Maybe take some 22 blanks out. When she goes after the birds, let her get some distance and then shoot. She'll be distracted by the bird, but all the while putting 2 & 2 together. You have to be careful, her pace not yours. May work, may not. Keep her inside around fireworks. Teach her guns = birds Good luck


----------



## red neck richie (Jul 13, 2017)

tucker80 said:


> Maybe take some 22 blanks out. When she goes after the birds, let her get some distance and then shoot. She'll be distracted by the bird, but all the while putting 2 & 2 together. You have to be careful, her pace not yours. May work, may not. Keep her inside around fireworks. Teach her guns = birds Good luck



Thanks for the tip I will give it a try.


----------



## atlashunter (Jul 13, 2017)

Much easier to avoid a gun shy dog than to cure one of it. What I did with my lab when I had one and he was a pup was I would feed him outside. While he is occupied with the food walk off a good ways and fire a single 22 round. The first time it happens it will startle them and they will look up. Don't pay them any attention, don't even look at them and definitely don't console them as if there was something to be afraid of even if they react more strongly to it. Just go about your business like nothing happened. Repeat that every day and gradually get closer to them as they adjust to it. You have to go at their pace. With mine it didn't take him long and I could fire right over him and it didn't phase him. It was associated with something pleasurable. With yours being gun shy you may have to use something even more muffled like a subsonic 22 or even some other pop that she can handle. Maybe that's a popping balloon. Maybe it's a loud clap or a cap gun. Find what she can handle and start there. Be consistent and gradually work your way up. It's not guaranteed to work but that is probably your best shot at getting her over it.


----------



## king killer delete (Jul 14, 2017)

take her to the firing range in a dog box and put him as close a s you can to the firing line as yo can get.


----------



## flatsmaster (Jul 14, 2017)

go to gun dog supply .... theres a 2 dvd set system that deals with gun shy dogs and it sounds like with some success ... or call Steve at gun dog supply and get his feedback on it ... like said its easier if it never happened but it has so it maybe a option for you ... good luck


----------



## red neck richie (Jul 14, 2017)

Thanks for the tips. Much appreciated.


----------



## atlashunter (Jul 14, 2017)

king killer delete said:


> take her to the firing range in a dog box and put him as close a s you can to the firing line as yo can get.



Hope you're joking.


----------



## Water Swat (Jul 14, 2017)

Really much easier to let this one be your riding buddy and buy a new hunting dog.


----------



## tucker80 (Jul 14, 2017)

king killer delete said:


> take her to the firing range in a dog box and put him as close a s you can to the firing line as yo can get.
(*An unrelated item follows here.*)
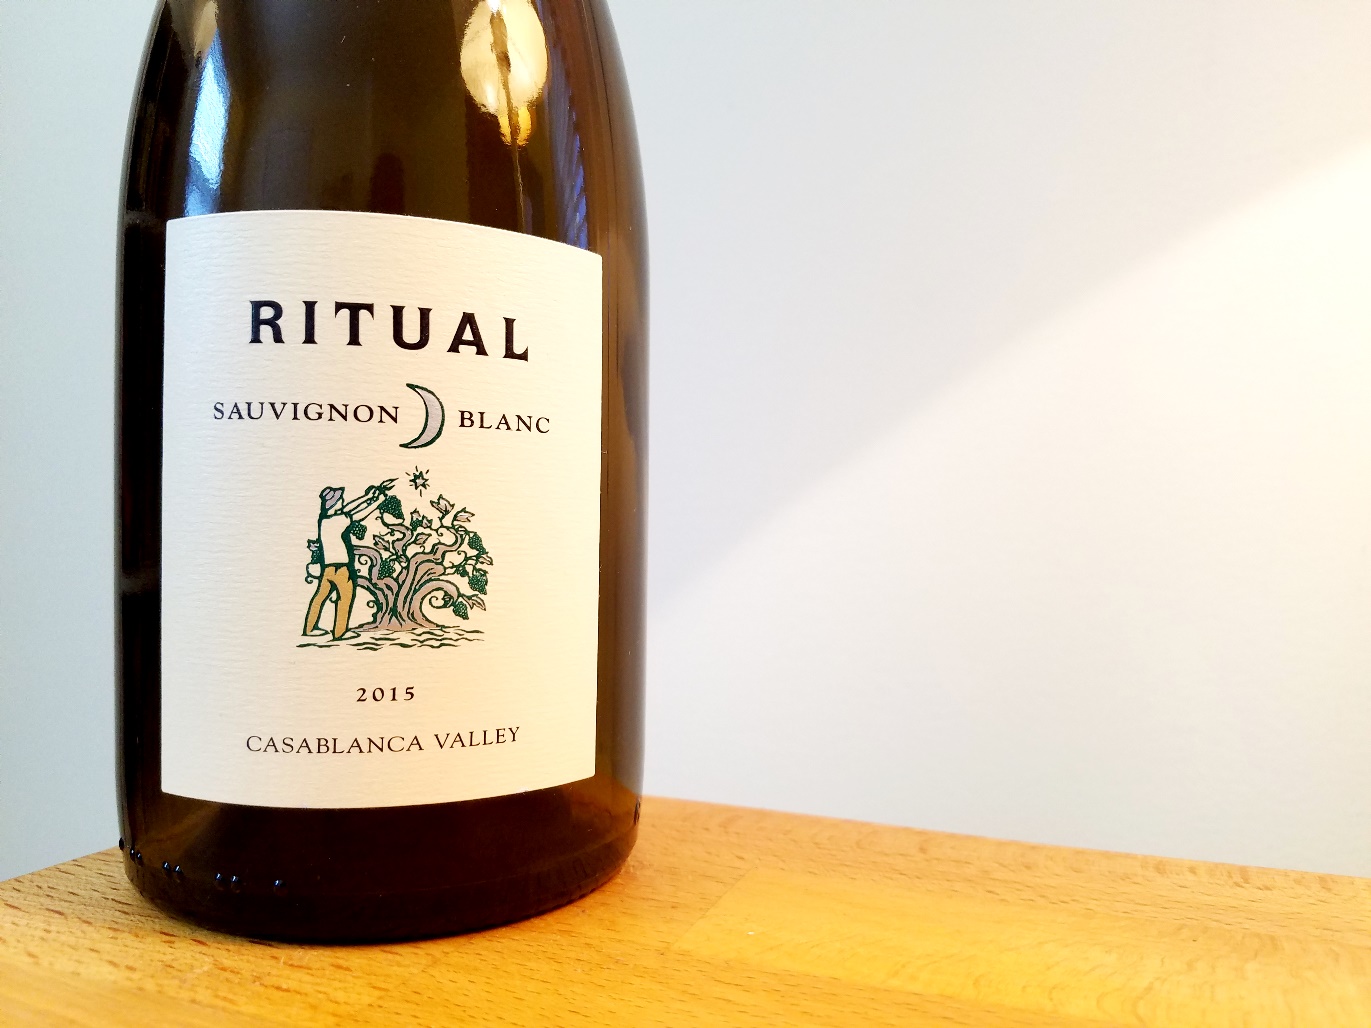 Ritual, Sauvignon Blanc 2015, Casablanca Valley, Chile, Wine Casual

Then you'll be able to add "box shy" to the list. Tell her to load up and she'll be "hands up don't shoot" !!! Lol


----------



## GLS (Jul 16, 2017)

I bought a couple of one dollar cap pistols that I would shoot in the kitchen when the dogs were about six months old and feeding.  Before then, it was clanking pots and pans with a spoon.  Annoyed everyone but the dogs in the house.  After a few weeks of cap pistols, I took them to a buddy's place with live birds and a .410.  He discharged at 100  yards when the pup flushed the bird.  He closed in 25 yard increments and shot when the bird flushed with the dog in pursuit.  The dogs never reacted adverse to the shot and the final shot was behind the dog when the flush occurred.  I cringe when I hear that someone is going to gun break a dog with a 12 gauge by shooting it near the dog for the first time it hears gunfire.


----------



## wildlands (Jul 16, 2017)

I started mine while distracted with food also having some fire a good distance off and working closer over a couple of weeks to slowly introduce the noise. Then I worked with mine during squirrel season. By dropping a few squirrel in front of them they quickly realized the shot meant something good was fixing to drop from the tree. Problem is they now run to the shot.


----------



## jerry russell (Jul 17, 2017)

flatsmaster said:


> go to gun dog supply .... theres a 2 dvd set system that deals with gun shy dogs and it sounds like with some success ... or call Steve at gun dog supply and get his feedback on it ... like said its easier if it never happened but it has so it maybe a option for you ... good luck



This is good advice.   Take it.  

Some of the other post here are not something you should even consider.  The dog got this way by not being properly conditioned to gun fire.  It is not impossible to repair the damage but it is very difficult.  
It will take patience and doing it right.


----------



## onedude (Jul 17, 2017)

Seems like some dogs are just that way. We had a dog (not a lab) that was afraid of thunder when I was growing up. My dad thought it had been shocked by lightning. 
I have a lab now that has no interest in retrieving anything. Cant get it interested either. Don't know what the deal is with that.
doug
Jn. 3:16


----------



## jerry russell (Jul 17, 2017)

flatsmaster said:


> go to gun dog supply .... theres a 2 dvd set system that deals with gun shy dogs and it sounds like with some success ... or call Steve at gun dog supply and get his feedback on it ... like said its easier if it never happened but it has so it maybe a option for you ... good luck



This is good advice.   Take it.  

Some of the other post here are not something you should even consider.  The dog got this way by not being properly conditioned to gun fire.  It is not impossible to repair the damage but it is very difficult.  
It will take patience and doing it right.


----------



## RacinNut (Jul 17, 2017)

I agree with Water Swat, get another Lab. and made sure it does not get scared,  seems to me once a Lab. get scared its scared, but he could be the best Lab even,  Labs are such good dogs, 2 is better than 1, I have always had 2, just love the Lab for what it is, a good dog, I have never had a bad Lab. just different Labs.


----------



## NE GA Pappy (Jul 17, 2017)

Water Swat said:


> Really much easier to let this one be your riding buddy and buy a new hunting dog.



here's your answer


----------



## rvick (Jul 19, 2017)

king killer delete said:


> take her to the firing range in a dog box and put him as close a s you can to the firing line as yo can get.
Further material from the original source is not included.